Bishop recalled that during the investigation of Henry of Poitiers the theologians and other sages declared that this could not be the true shroud of our Lord having the resemblance of the Savior thus printed, since the holy Gospel made no mention of Such imprint, while, if it had been true, it was quite unlikely that the evangelical saints had failed to record it, or that the fact remained hidden until the Current time.
Some modern commentators, however, dismissed Archbishop Mgr's comments as nothing more than jealousy.
They say that he just wanted to discredit the shroud so that all these spendthrift pilgrims can visit his cathedral in Troyes, rather than the church of Lirey.
Perhaps more difficult to dismiss than medieval bishops were the evidence of 20th century scientists from Oxford University, the University of Arizona and the University of Arizona. Swiss Federal Institute of Technology, which were allowed to carbonize samples from the Shroud in 1988. 19659002] After three separate tests in laboratories in Arizona, Oxford and Zurich, scientists said with 95% confidence that the shroud was dating from 1260-1390 (a date range including the first documented references to the tissue).

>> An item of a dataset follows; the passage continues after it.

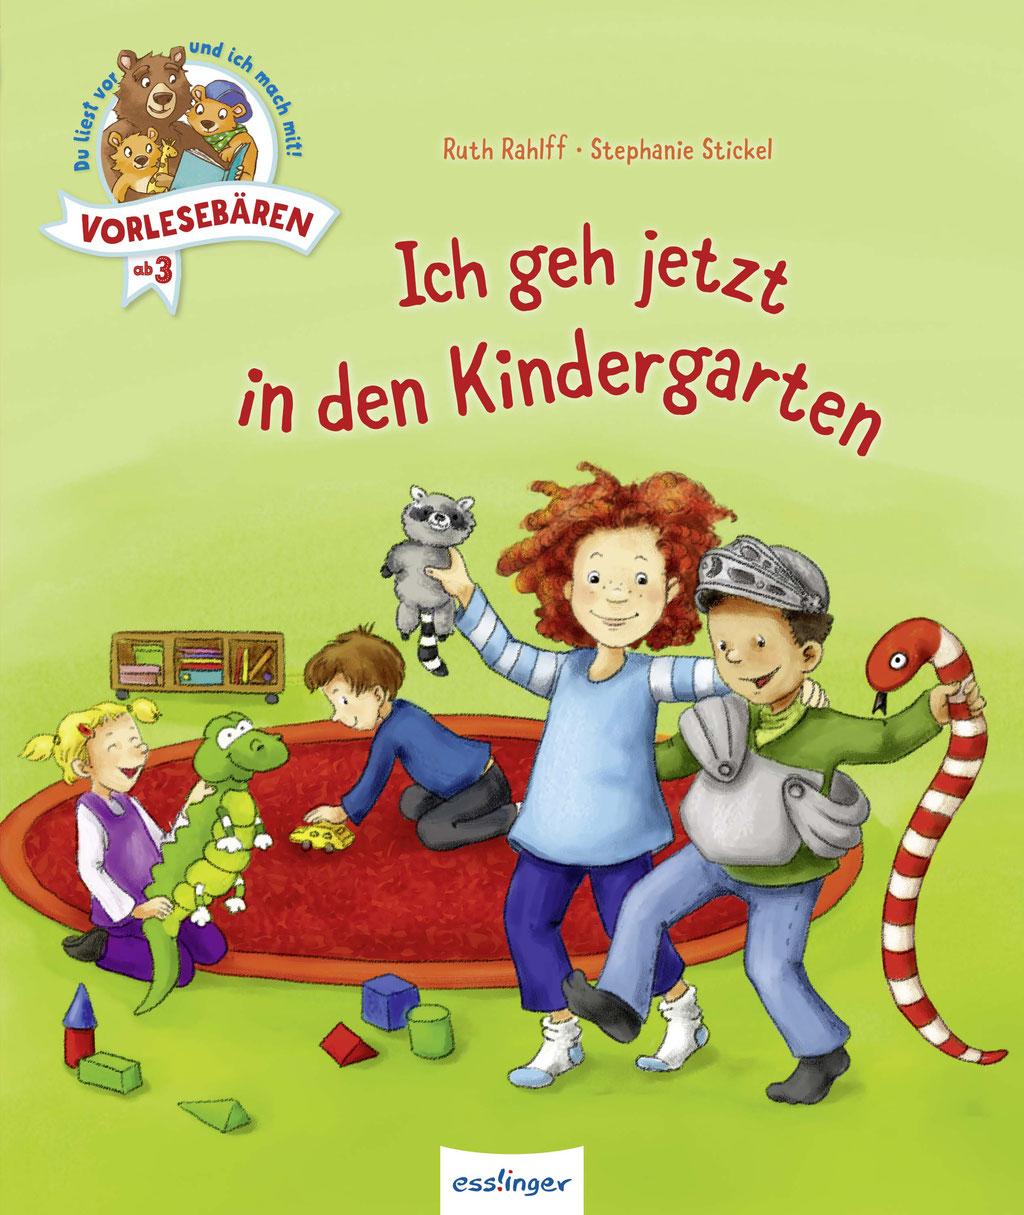 Ich geh jetzt in den Kindergarten 08|2016 Esslinger

The article of 1945 dating from the radiocarbon of the Shroud of Turin in the peer-reviewed journal Nature seemed to leave little room for doubt by stating: "The results provide conclusive results: proof that the flax of the Shroud of Turin is medieval [not Biblical] ".
Counter-arguments, however, were collected – In 1998, it was reported that the office of Anastasio Alberto Ballestrero, the former Cardinal Archbishop of Turin, had issued a statement suggesting that dating to carbon had been interfered as a result of a "Masonic conspiracy abroad"
There were more scientific objections about the results of carbon dating, but they tended to be encountered demystification.
The center of the Shroud of Turin in Colorado suggested that carbon monoxide could have changed the age of the Shroud radiocarbon to make it younger. It was pointed out, however, that this would have required unnatural concentrations of a gas that does not normally react with flax, and that no such contamination has ever been observed.
Some Shroud believers have suggested that carbon date fragments could include part of a 16th century attempt for "invisible" repair of a shroud dating back to Christ's time. This prompted the answer that if scientists had really tested samples that combined elements from the 16th century and the 1st century, they would have a carbon dated reading around the 7th century – still much sooner than the actual results obtained.
The 1988 carbon dating was also questioned because the tested fragments had been contaminated by modern materials.
Scientists however felt that the various cleaning procedures of the three laboratories removed any possible contamination. Independent scientists have also said that the cleaned fabric should have remained heavily impregnated with modern carbon so that the results are so distorted that a 2,000 year old shroud has been dated to the 13th or 14th century.
It may or may not be of added importance that successive popes have tended to use their words carefully when it comes to the Turin Shroud.
Pope Francis described it as an "icon of a scourged and crucified man" – all very reverential the shroud is a "relic", which would imply a belief that it really was the funeral shroud of Christ.
Still, Turin's Museo della Sindone continues to attract a healthy number of visitors, and when the shroud itself briefly put on public display in 2015, more a million people went to see him.